Lam Barbara D, Ma Shengling, Kovalenko Iuliia, Wang Peiqi, Jafari Omid, Li Ang, Horng Steven
Division of Hematology, Department of Medicine, Beth Israel Deaconess Medical Center, Boston, Massachusetts, USA.
Division of Clinical Informatics, Department of Medicine, Beth Israel Deaconess Medical Center, Boston, Massachusetts, USA.
Res Pract Thromb Haemost. 2025 May 21;9(4):102896. doi: 10.1016/j.rpth.2025.102896. eCollection 2025 May.
Pulmonary embolism (PE) is a leading cause of preventable in-hospital mortality. Advances in diagnosis, risk stratification, and prevention can improve outcomes. Large, publicly available datasets are needed to move research forward, but are lacking in the field of hemostasis and thrombosis.
In this study, we experiment using a machine learning language model to automatically add PE labels to a large dataset.
We extracted all computed tomography pulmonary angiography radiology reports ( = 19,942) from the Medical Information Mart for Intensive Care IV, a database of adult patients who presented to the emergency room or were admitted to the intensive care unit at one tertiary care center between 2008 and 2019. Two physicians manually labeled each report result as PE positive (acute PE) or PE negative. Using this as our gold standard, we compared the performance of a fine-tuned Bio_ClinicalBERT (bidirectional encoder representations from transformers) transformer language model, known as venous thromboembolism-BERT, with diagnosis codes in the ability to classify reports as PE positive or negative.
Venous thromboembolism-BERT had a sensitivity of 92.4% and a positive predictive value of 87.8% in all 19,942 computed tomography pulmonary angiography reports. Diagnosis codes had a sensitivity of 95.4% and a positive predictive value of 83.8% in the subset of 11,990 reports with an associated discharge diagnosis code.
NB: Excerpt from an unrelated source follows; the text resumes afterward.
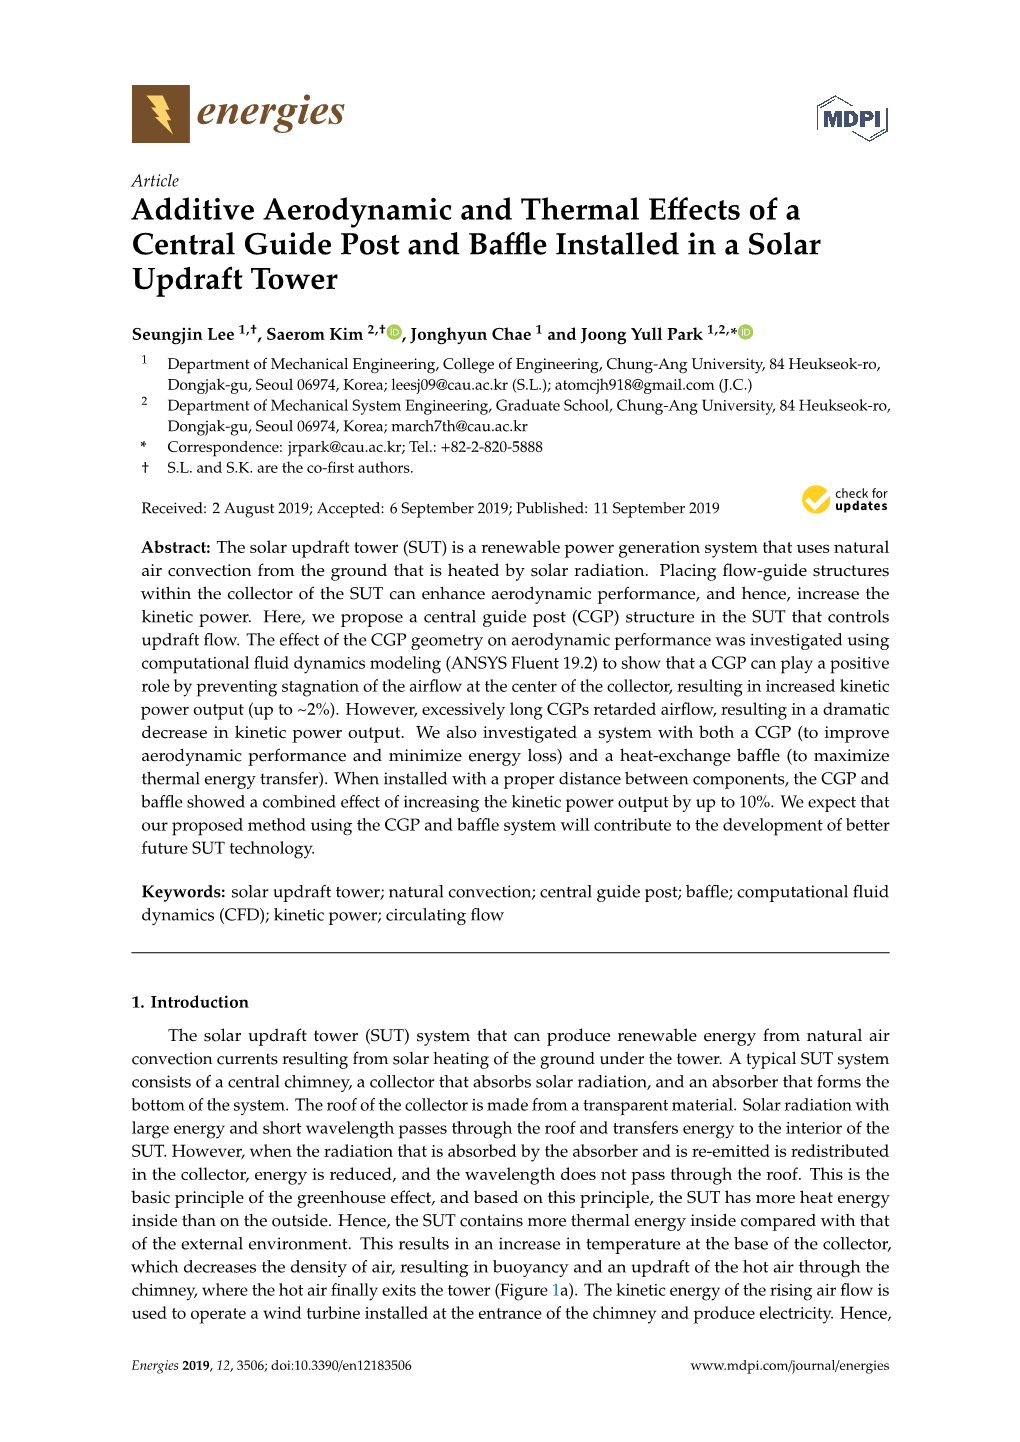 Additive Aerodynamic and Thermal Effects of a Central Guide Post and Baffle Installed in a Solar

We successfully added nearly 20,000 PE labels to the publicly available Medical Information Mart for Intensive Care IV database and demonstrated how a transformer language model can automate and accelerate hematologic research.
肺栓塞(PE)是可预防的院内死亡的主要原因。诊断、风险分层和预防方面的进展可改善治疗结果。推动研究向前发展需要大型的公开可用数据集,但在止血和血栓形成领域却很缺乏。
在本研究中,我们尝试使用机器学习语言模型自动为一个大型数据集添加PE标签。
我们从重症监护医学信息数据库IV中提取了所有计算机断层扫描肺血管造影放射学报告(n = 19942),该数据库包含2008年至2019年间在一家三级医疗中心就诊于急诊室或入住重症监护病房的成年患者。两名医生将每份报告结果手动标记为PE阳性(急性PE)或PE阴性。以此作为我们的金标准,我们比较了一种经过微调的Bio_ClinicalBERT(来自变换器的双向编码器表示)变换器语言模型(称为静脉血栓栓塞症-BERT)与诊断代码在将报告分类为PE阳性或阴性方面的性能。
在所有19942份计算机断层扫描肺血管造影报告中,静脉血栓栓塞症-BERT的灵敏度为92.4%,阳性预测值为87.8%。在11990份有相关出院诊断代码的报告子集中,诊断代码的灵敏度为95.4%,阳性预测值为83.8%。
我们成功地为公开可用的重症监护医学信息数据库IV添加了近20000个PE标签,并展示了变换器语言模型如何能够自动化和加速血液学研究。